Did Brian Wilson ever equate misery with a song about “Summer Snow”? Did Spector ever make Bob B. Soxx and the Blue Jeans whoop like Freddie Cannon or snarl like the Knights who say Nit, as Christie orders the Tammys to do on his “Outside the Gates of Heaven”? Not a chance!

If schizorock at its most frenetic means anything to you, you’ll want this import collection of Christie’s early Roulette sides, plus selected works by the greatest discovery since Velcro bra straps, the Tammys. Hear young Lou and his gypsy lyricist Twyla Herbert seizing all the divine inspiration the other greats passed on, writing the ultimate song about “Guitars and Bongos” and turning the recording booth into a confessional with “Have I Sinned.” It’s on these tracks that the Tammys’ incorrigible background vocals could be ignored no longer and Lou immediately secured them a recording contract on United Artists.

Besides rat-tat-tatting like Gabriel at Jericho, they put together syllables no human has ever joined in any language like “shoom a la la ooh” or “shimmy shimmy shimmy shy yi missin’ ish!” Lou furnished them with two first-rate examples of brat rock — “Take Back Your Ring” (where Linda chastises her beau for giving her bogus love) and “Part of Growing Up” (where the Tammys shout “grow up” like they’re heckling the visiting team). Linda, Gretchen and Cathy are so tough they made the Shangri-Las look like something Louisa May Alcott dreamed up — Linda, the youngest Tammy, actually told a TV interviewer her boyfriend had perpetually shredded lips on account of her braces.
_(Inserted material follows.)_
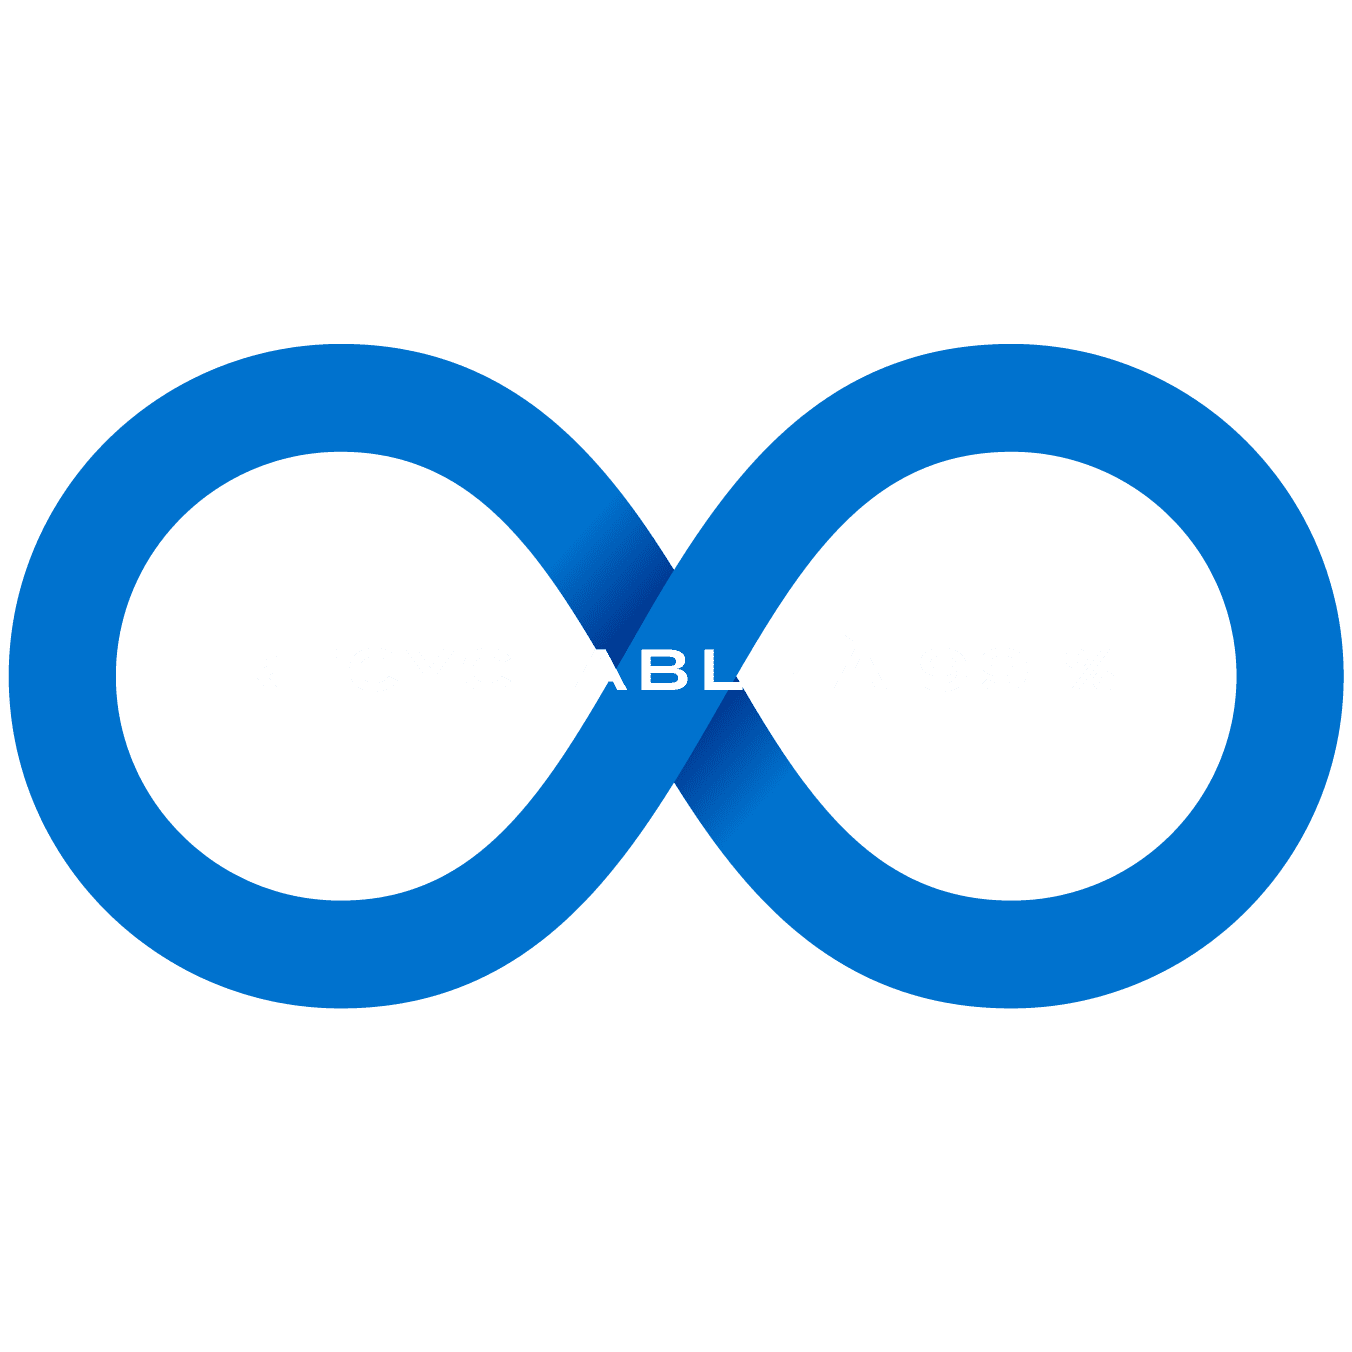 99% Recyclability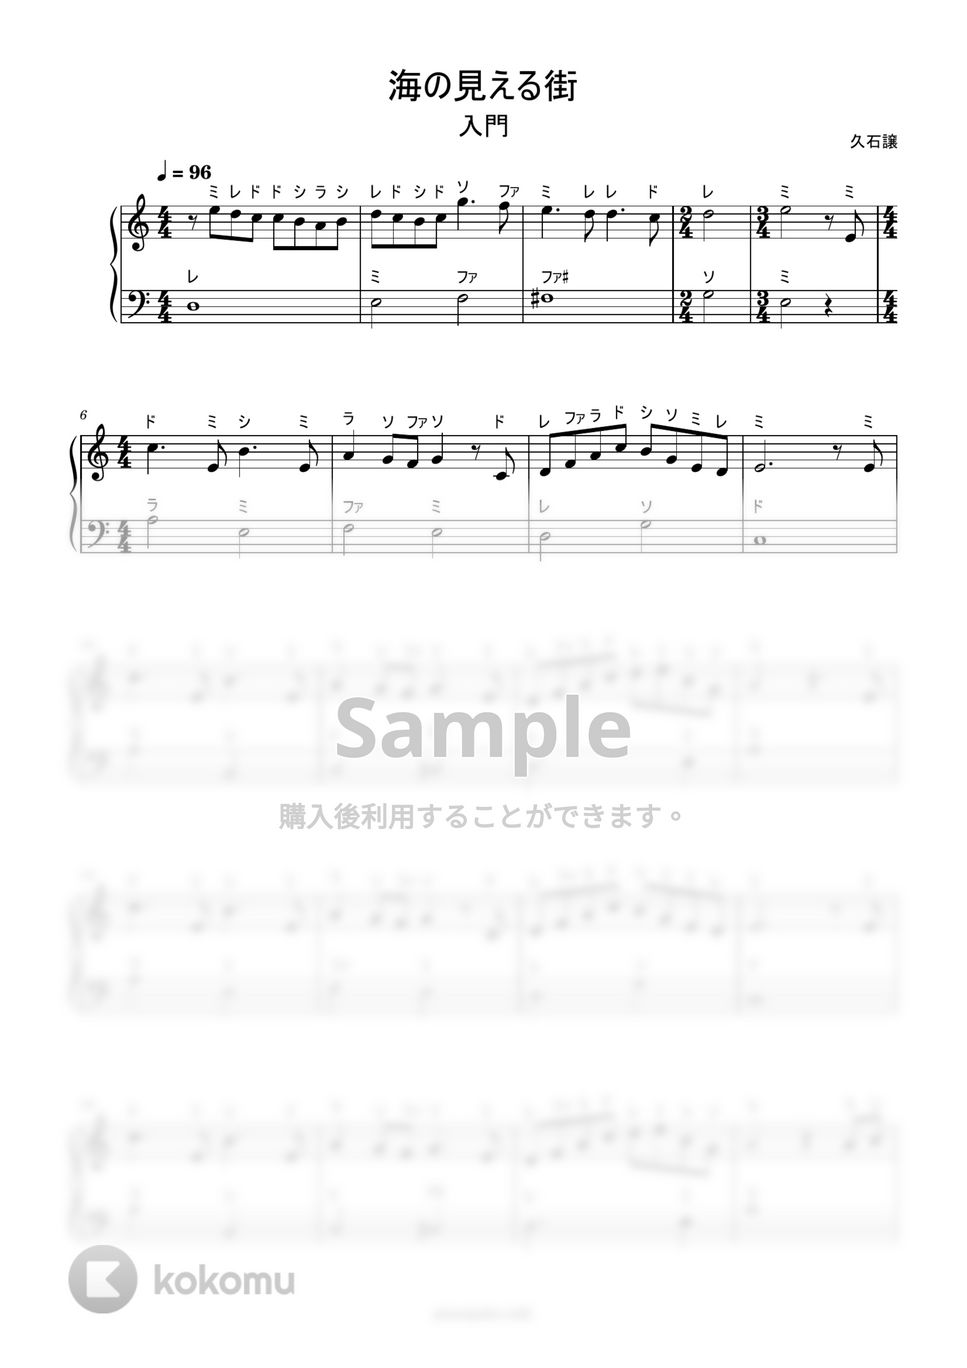 久石譲 - 海の見える街 (ドレミ付き簡単楽譜) by ピアノ塾

Given to such bouts with candor, there was no other choice but that the brazen lip-shreddin’ Tammys teach the world to dance the “Egyptain Shumba,” 14 years before Steve Martin went Tut-Tut and 22 years before the Bangles merely walked like Egyptians.

When the Tammys aren’t bragging about holding hands with mummys on the Nile, they insistently rapid-repeat the word “dance” a mind-numbing 18 times, each time accompanied by a head-pounding drum. Their finest moment, “Egyptain Shumba” was a local top-40 hit in Pittsburgh and a top-30 hit in Cleveland, at a time when the world was too busy with the British Invasion to think Egyptian. Too bad, coz, when you get a song with head-splitting drums, a snake-charmin’ clarinet and three girls barking on all fours like wolverines singing “I wanna dance — aaahh!” with the same urgency supermodels purge desserts, well, rock can’t get much better without a kegger. Also, compiler Harry Young’s besotted liner notes are worth whatever Amazon’s charging for this CD. If it’s possible to love Lou Christie and the Tammys more than life itself, it’s Young’s sarcophagus to bear.